Monday, February 3, 2014

Death and Taxes


God is...

This first month of the New Year has passed in a flash.  Little did I know when I lightheartedly wrote my January 6 blog titled Pre-funeral Luncheon, that I would come face to face with the death of my sweet boy, Yellow Lab Ben, less than two weeks later.  How quickly death can show us what is truly important in life.  They are inextricably linked.  I closed the month of January with taxes on my mind and Benjamin Franklin’s quote:  “…in this world, nothing can be said to be certain, except death and taxes.”

I’ve gone through a lot of Kleenex with Ben’s passing, and now as I start the dreaded task of getting my tax information together, I have opened a bottle of Tums for the first time in a long time.  Every year I tell myself I need to better organized the information I will need at tax time.  I do have a bunch of manila envelopes in which I attempt to keep the many pieces of information I will need at year’s end, but it still looms as an overwhelming task.  What if I kept a monthly ledger of all the  information?  Balancing my checkbook each month is something I do faithfully; for besides promoting good money sense, it clearly shows me how many different ways I can be wrong.  I don’t think I’d need Tums to summarize year-end tax information if I kept a monthly account of all those numbers.  What if I could make that happen for next year’s tax time?

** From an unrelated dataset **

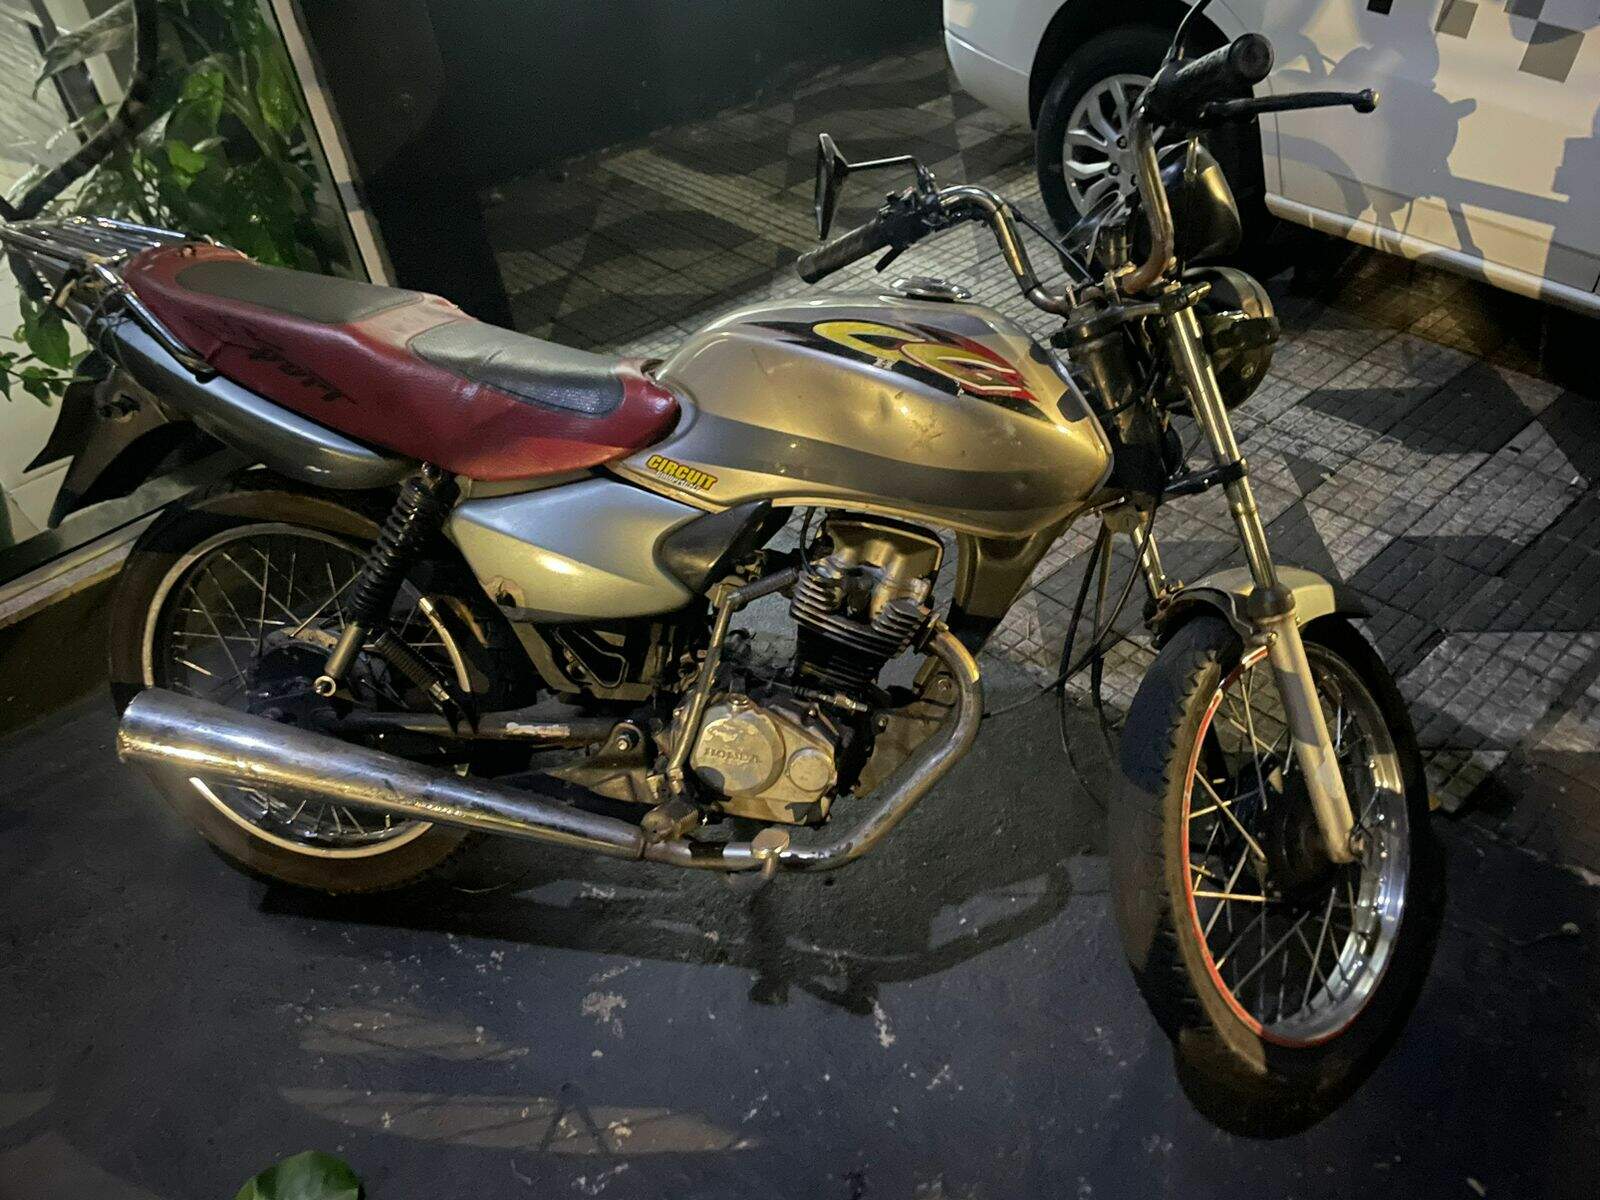 Motocicleta usada nos roubos foi apreendida. Foto: Polícia Militar/Divulgação
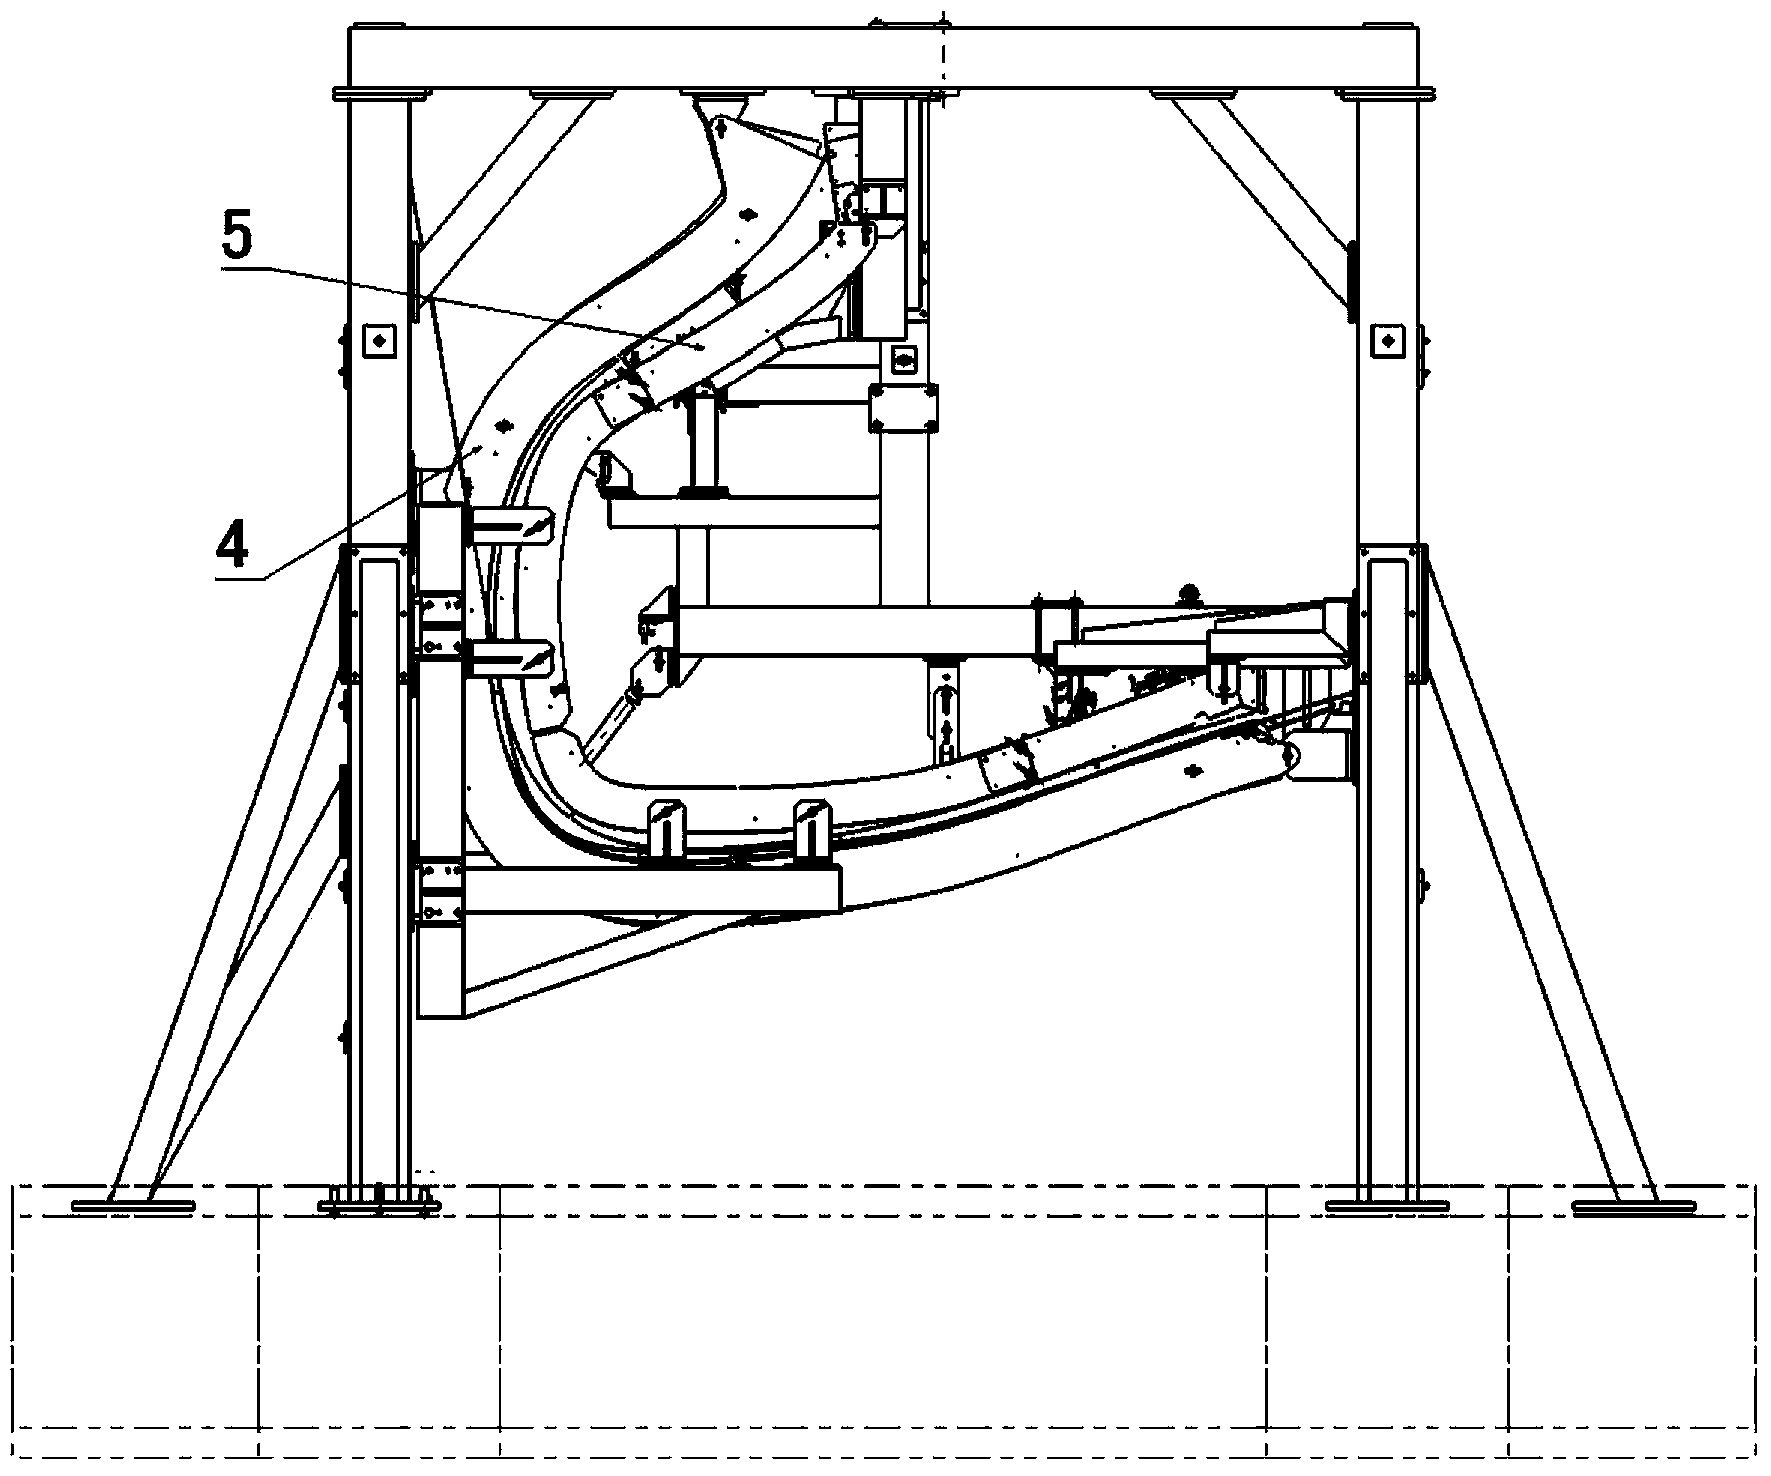 Aircraft main landing gear hatch door assembling coordinate platform

Just as life and death are joined, so too are death and taxes.  When going over last year’s paper trail I saw a mini life review in my work, doctor and volunteer miles driven, household expenses, charitable contributions, purchases made, presentations I attended or gave, books sold (by county) and current inventory, postage, supplies, and the training I needed.  People nearing the death experience often do a life review.  What’s important becomes clear, the ego diminishes, and the goal becomes unity as we prepare to return to our Original Nature from which we came.  So too there is grace in taxes.  The goal is unity for the common good.  (Benjamin Franklin knew the importance of unity among the thirteen colonies.)  To support the common good gracefully we willingly need to let go of some ego. 

What if we could all come to embrace the grace in taxes?